Many recent distributions, including the Hard Hat Linux HA Framework 2.0 release, come with bonding and ifenslave already in the distribution. Bonding is available as a patch that contains the bonding driver and the ifenslave program, as well as some other modifications necessary to make the whole package work properly. The driver can be compiled in or run as a module.

Listing 1 shows a typical configuration scenario. The first line installs the bonding driver as a module in active-backup mode with a link-status check period of 100ms. Round-robin mode would use a mode parameter of 0. The first ifconfig sets the IP address for the bonding driver. The next two ifenslave commands enslave eth0 and eth1 to the bond0 device. The bond0 device takes the MAC address of the first slave configured in the bond, and this becomes the MAC address for all devices in the bond.

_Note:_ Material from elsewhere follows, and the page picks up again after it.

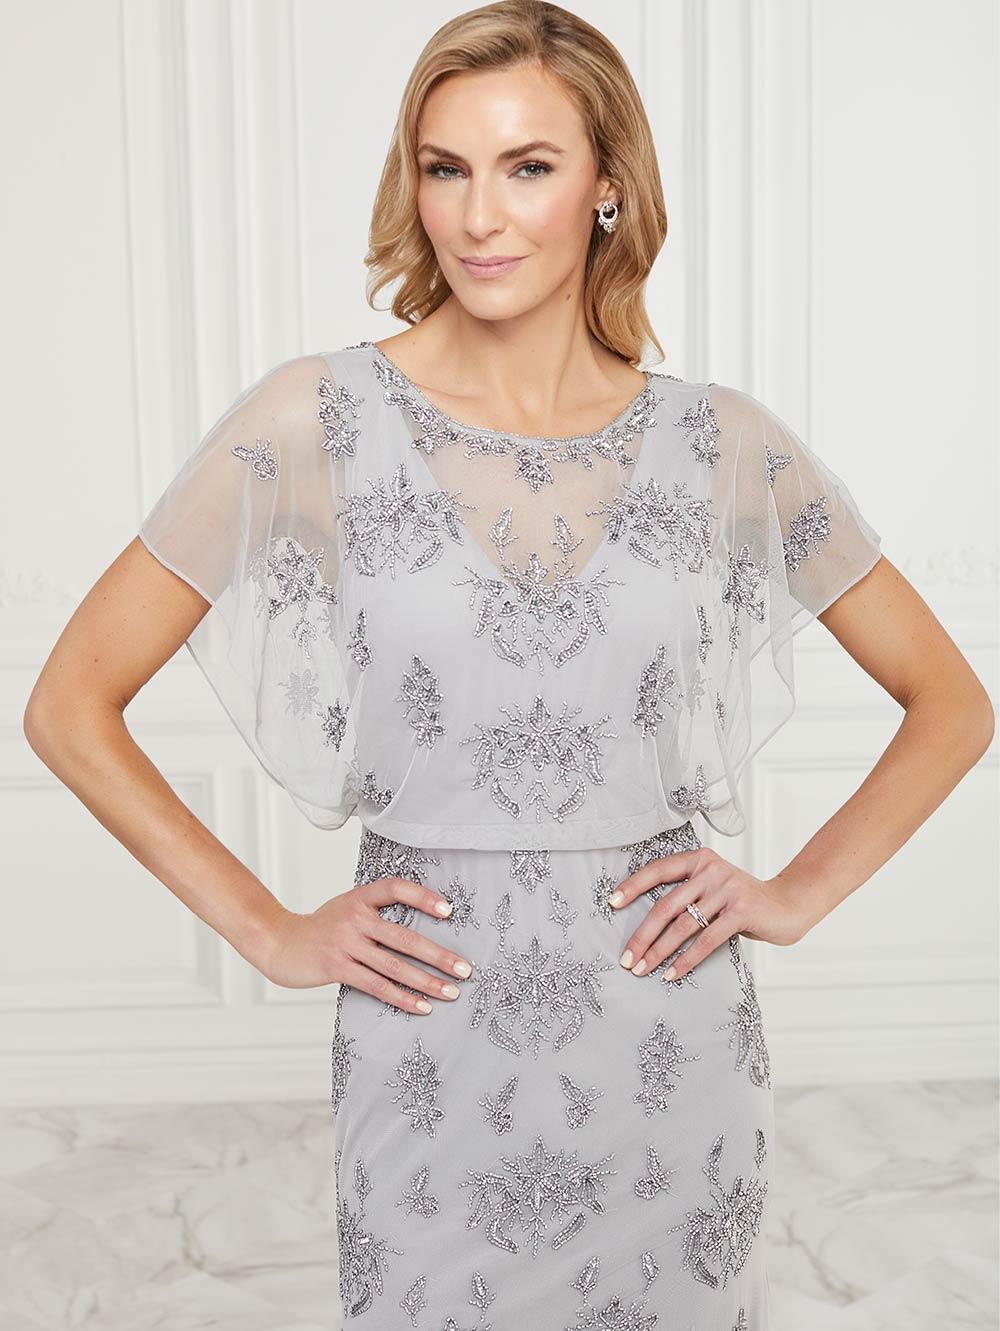 special-occasion-dresses-jacquelin-bridals-canada-27700

Listing 1. Typical Configuration Scenario

The networking stack talks to the bond0 device, which sends packets out over whichever slave device is appropriate, given the mode and availability status. In Listing 1, the mode is active-backup, and the active Ethernet device is eth0. Inactive Ethernet slaves have NOARP in the status line.

When a component fails, it is not enough to detect and mask the failure. The failing component must be repaired so that the next failure does not cause loss of service. For an Ethernet cable or hub or switch, it is usually a simple matter of replacing it with a working one. For an Ethernet board in a running computer, it is not always so simple.

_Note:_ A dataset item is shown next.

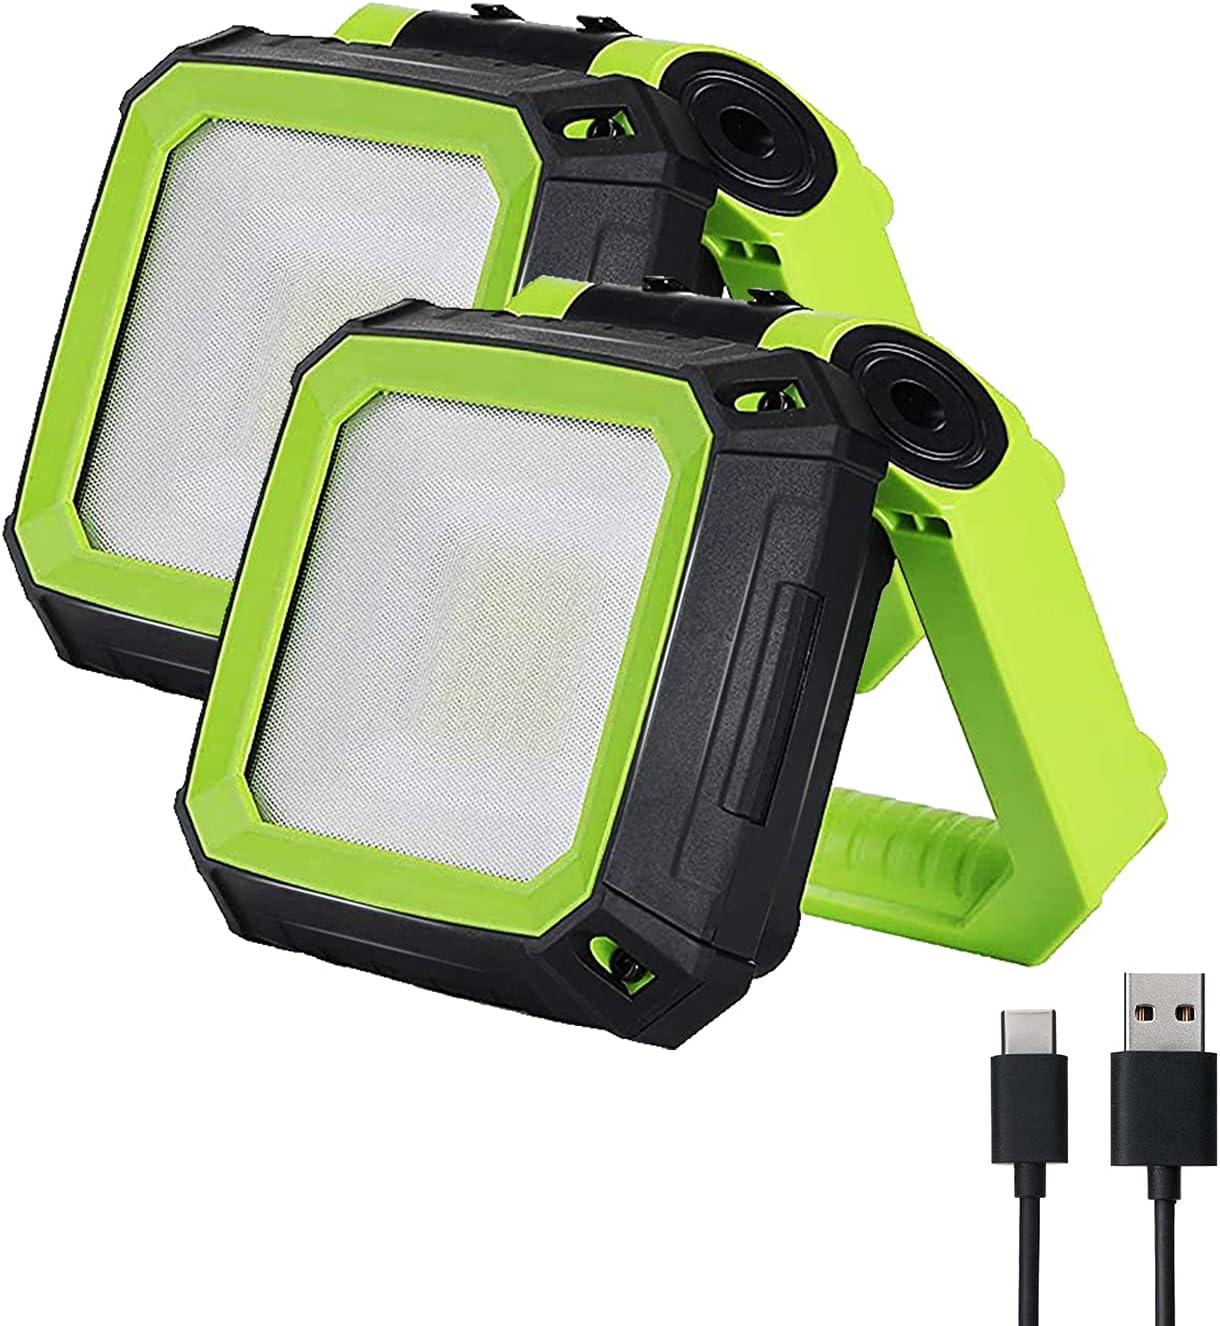 Tekstap 6500k Portable Flood Challenge the lowest Max 63% OFF price Led Rechargeable Light Lights

The PCI Industrial Computer Manufacturers Group (PICMG) has created a set of standards for CompactPCI hardware and software that make it easier to replace defective hardware in a running system. With PICMG-compliant hardware and the proper drivers and dæmons, replacing a defective board in a running system is a simple matter of removing the defective board and replacing it with a working one.

PICMG standard 2.1 is a hardware standard that covers the mechanical and electrical requirements necessary to remove and/or plug in a board in a running system (hot swap). PICMG standard 2.12 is a software standard that covers the driver requirements to handle hot-swap events. The SourceForgePICMG hot-swap site has the hot-swap driver routines and HA dæmon for handling hot swapping.

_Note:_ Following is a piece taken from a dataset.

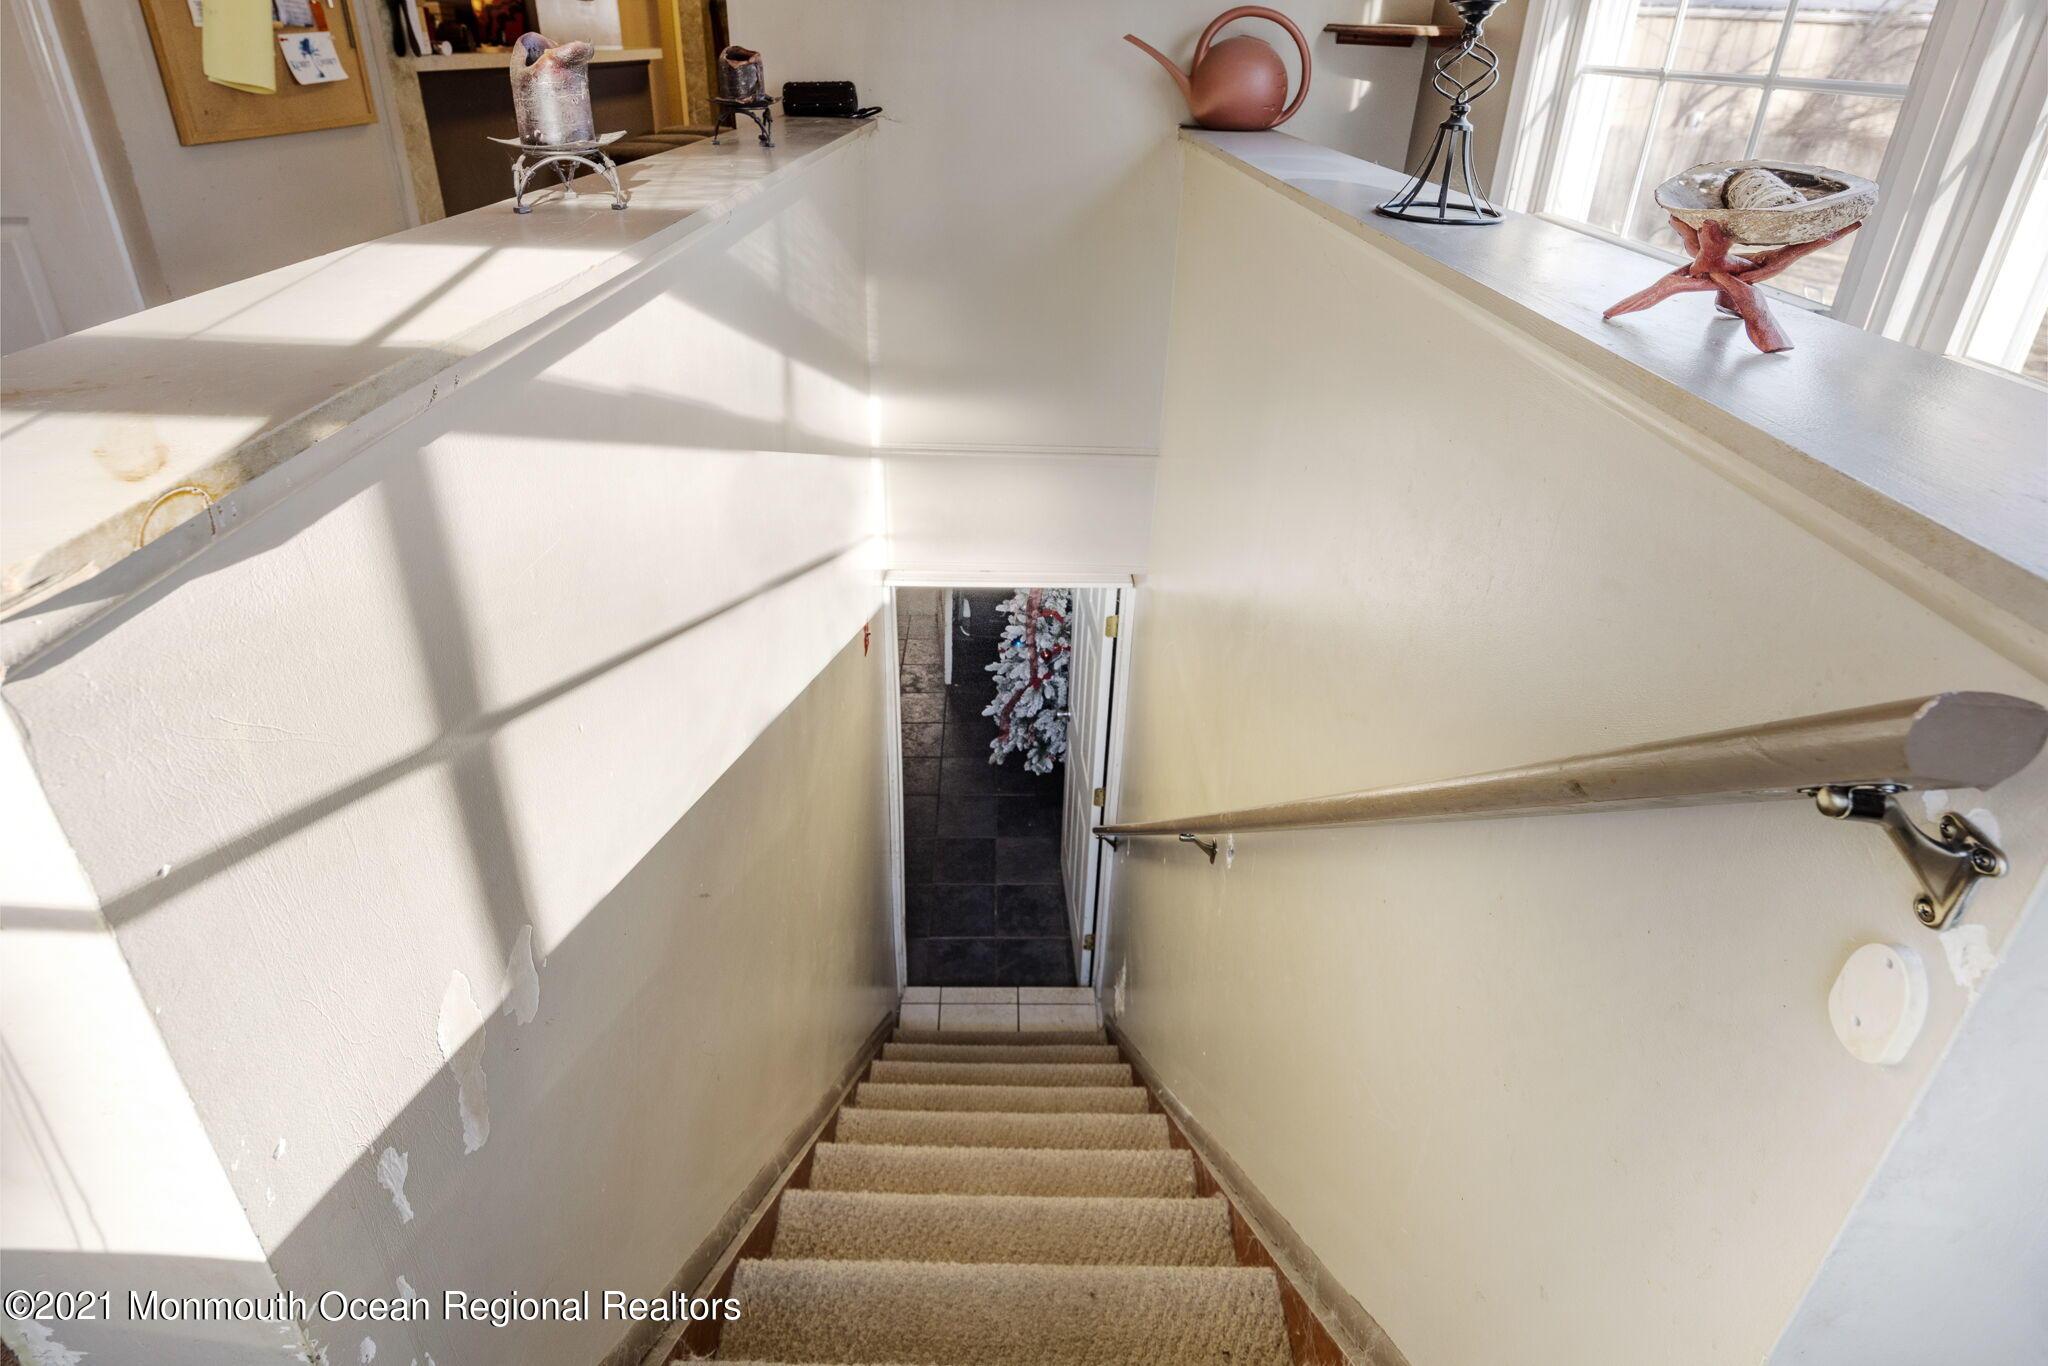 155 Cedar Grove Road, Toms River, New Jersey 08753, 3 Bedrooms Bedrooms, ,1 BathroomBathrooms,Single Family,For Sale,155 Cedar Grove Road,1,22104929

Hot swap requires additional coordination with drivers and the PCI subsystem to handle PCI devices that come and go. When an Ethernet card fails and the operator wants to remove it, all he or she has to do is open the handle switch on the CompactPCI board, and this sends an ENUM# interrupt to the PICMG 2.12 driver, which calls to the routine registered to receive hot-swap events. This routine is responsible for notifying the driver for the card, removing the device from the kernel PCI tree and turning on the blue hot-swap LED on the board, which indicates to the operator that it is safe to remove the card. It also notifies the HA dæmon so that it can do any user-space actions necessary (such as removing an Ethernet device from a bond or removing a driver that is no longer used).

When a replacement card is inserted, it also causes an ENUM# interrupt, which gets routed to the same routine mentioned above. This routine is then responsible for inserting the device in the kernel PCI tree and notifying the HA dæmon that a new device has been inserted.